OLDSMAR, Fla., June 15 /PRNewswire-FirstCall/ -- eAutoclaims
(OTC:EACC) (BULLETIN BOARD: EACC) , a leading provider of managed
collision repair services and insurance claims processing
technology applications, today announced financial results for the
third quarter and nine months ending April 30, 2006 for fiscal year
2006. Total revenue for the three-months ended April 30, 2006, was
nearly $4.0 million, representing over an 11% increase from the
$3.6 million reported for the same period of 2005. Total revenue,
excluding gain on the sale of the building of approximately $757
thousand, for the nine-months ended April 30, 2006 was $11.4
million, compared to $11.2 million for the nine-months ended April
30, 2005. Collision repair management revenue for the three-months
ended April 30, 2006, was $3.0 million, which is a 9% increase
compared to $2.8 million for the three-months ended April 30, 2005.

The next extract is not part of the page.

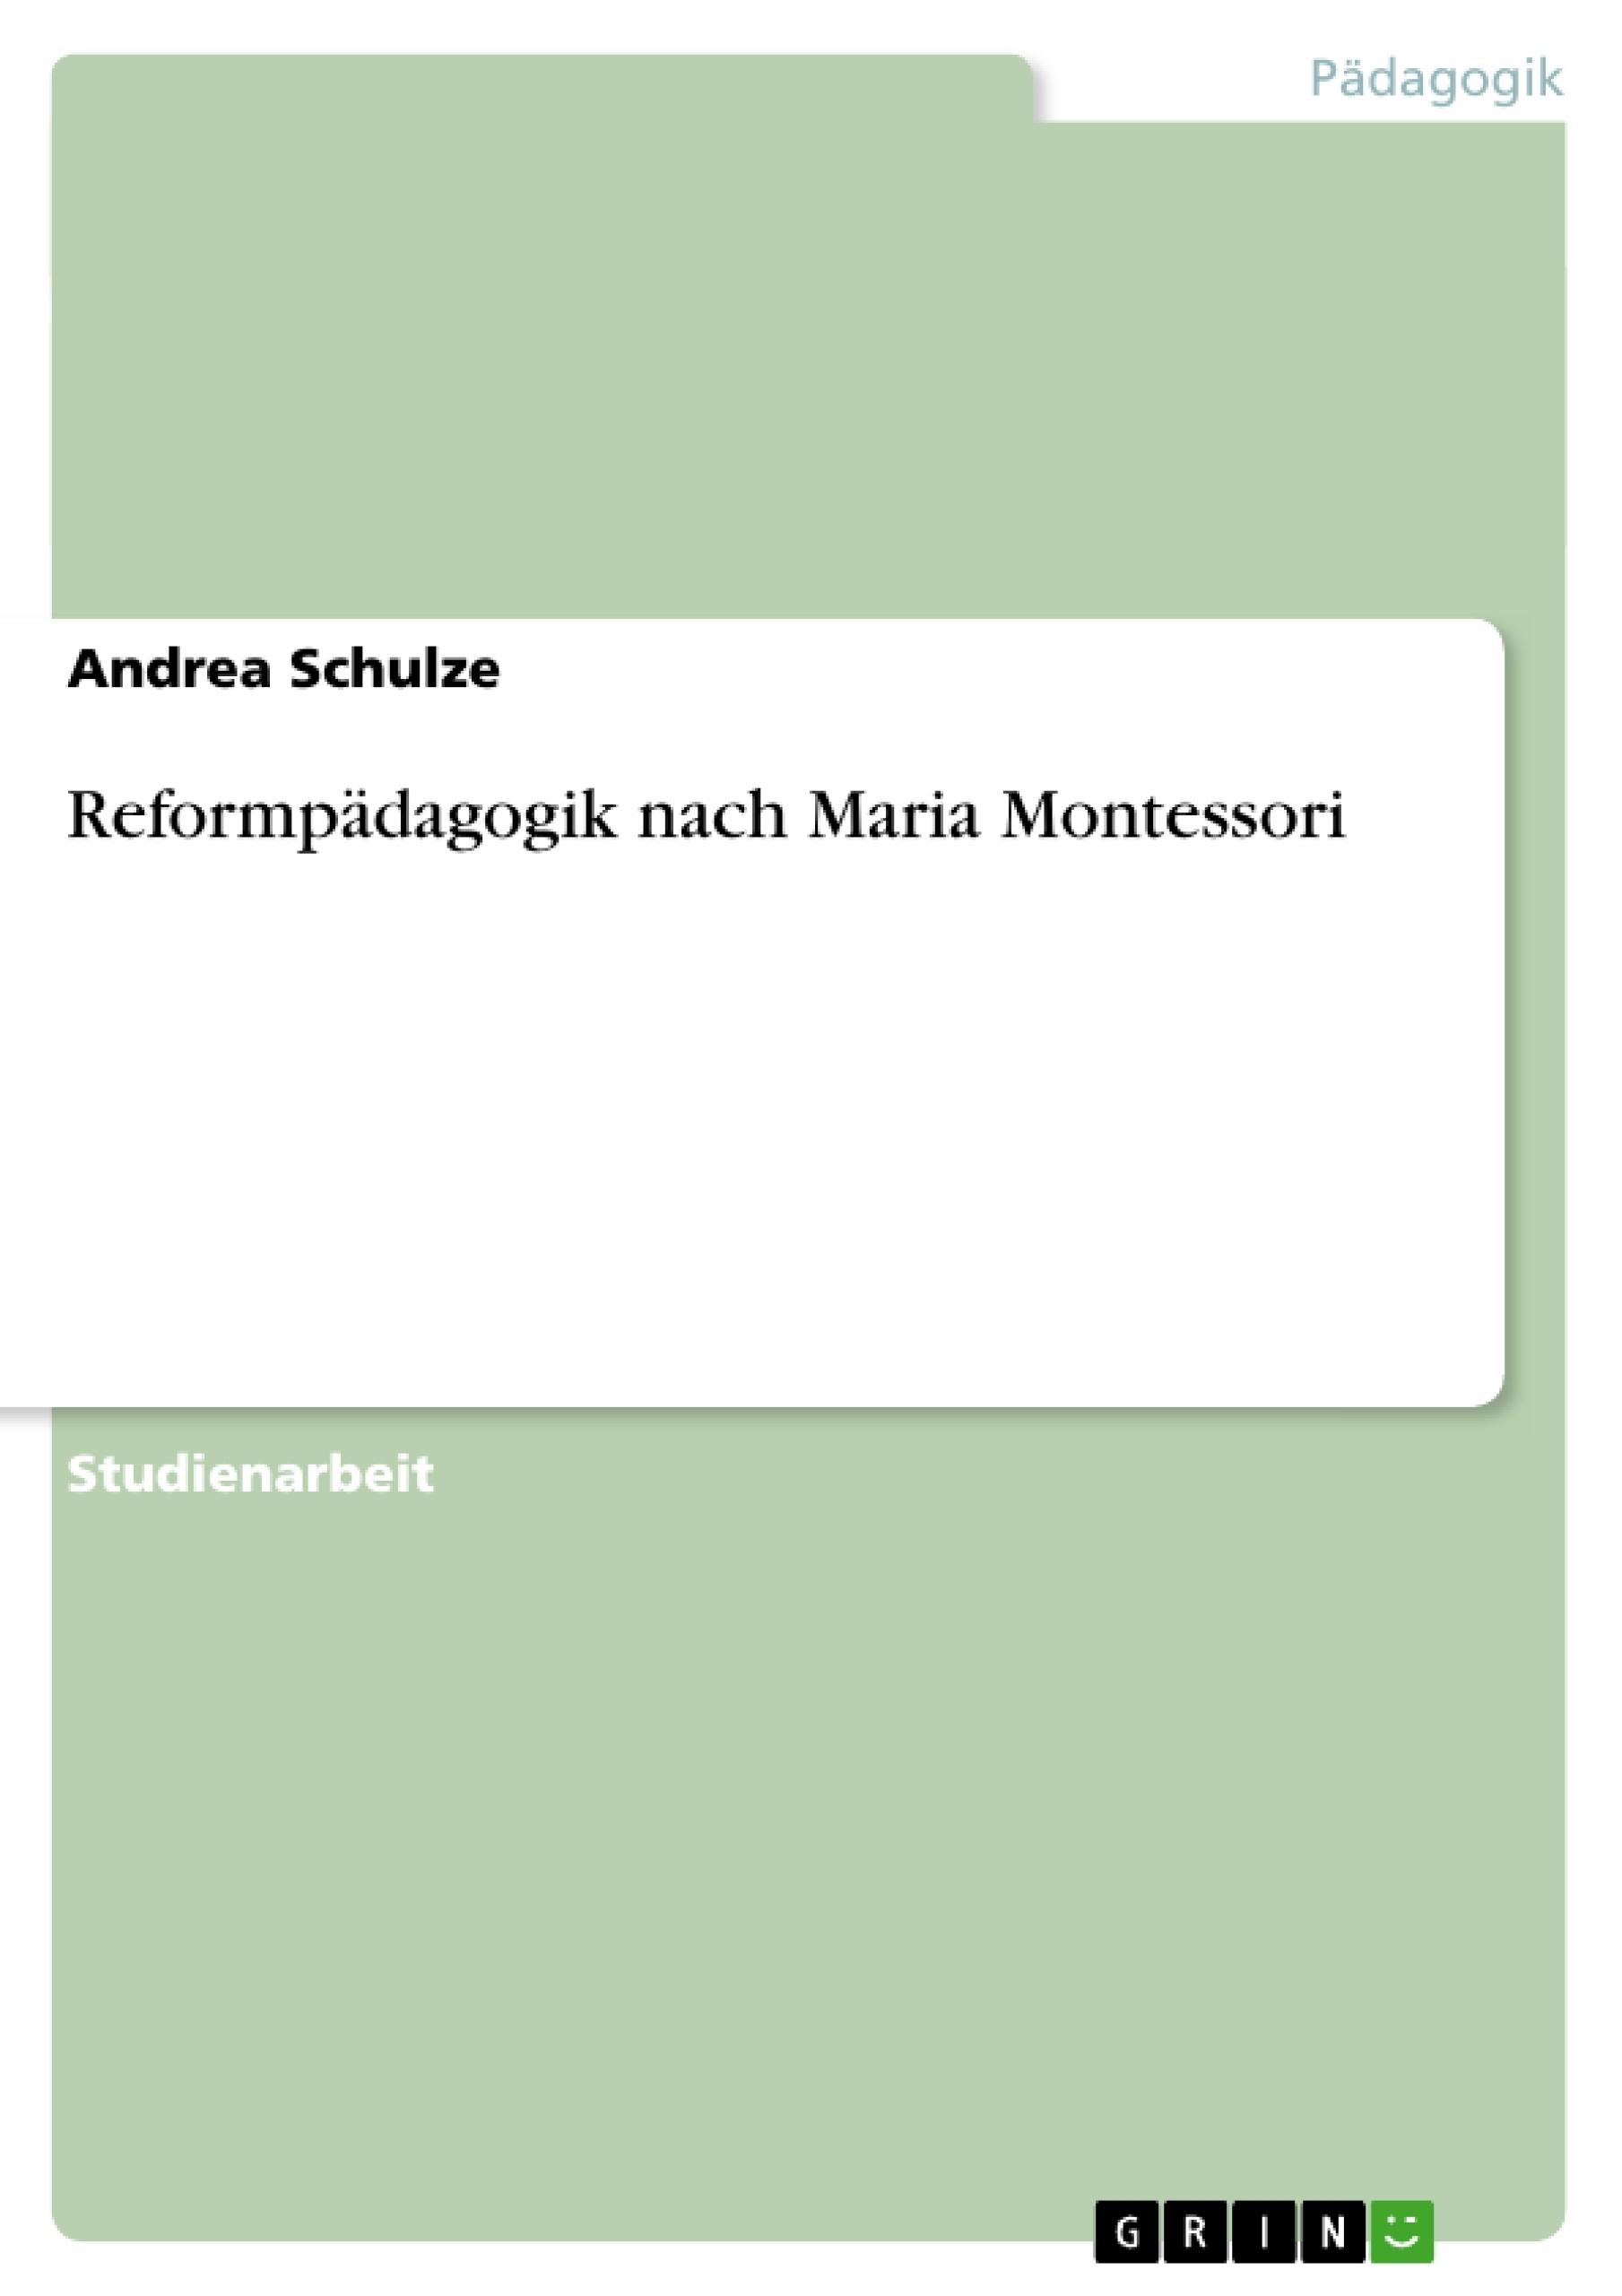 Titel: Reformpädagogik nach Maria Montessori

Collision management revenues decreased to $8.4 million for the
nine-months ended April 30, 2006 from $8.8 million for the same
period of 2005. The increase in revenue for the three months just
ended is a combination of increased shop utilization of our network
shops by consumers associated with our core clients, as well as
increased revenue earned from repairs processed for clients
acquired as a result of the ADP Co- Marketing agreement. As
previously stated in other releases, this revenue is recorded at
net, which significantly reduces the amount of gross revenue
reported, although the overall gross margin is increased as a
result of not having to pay the shops for the work performed.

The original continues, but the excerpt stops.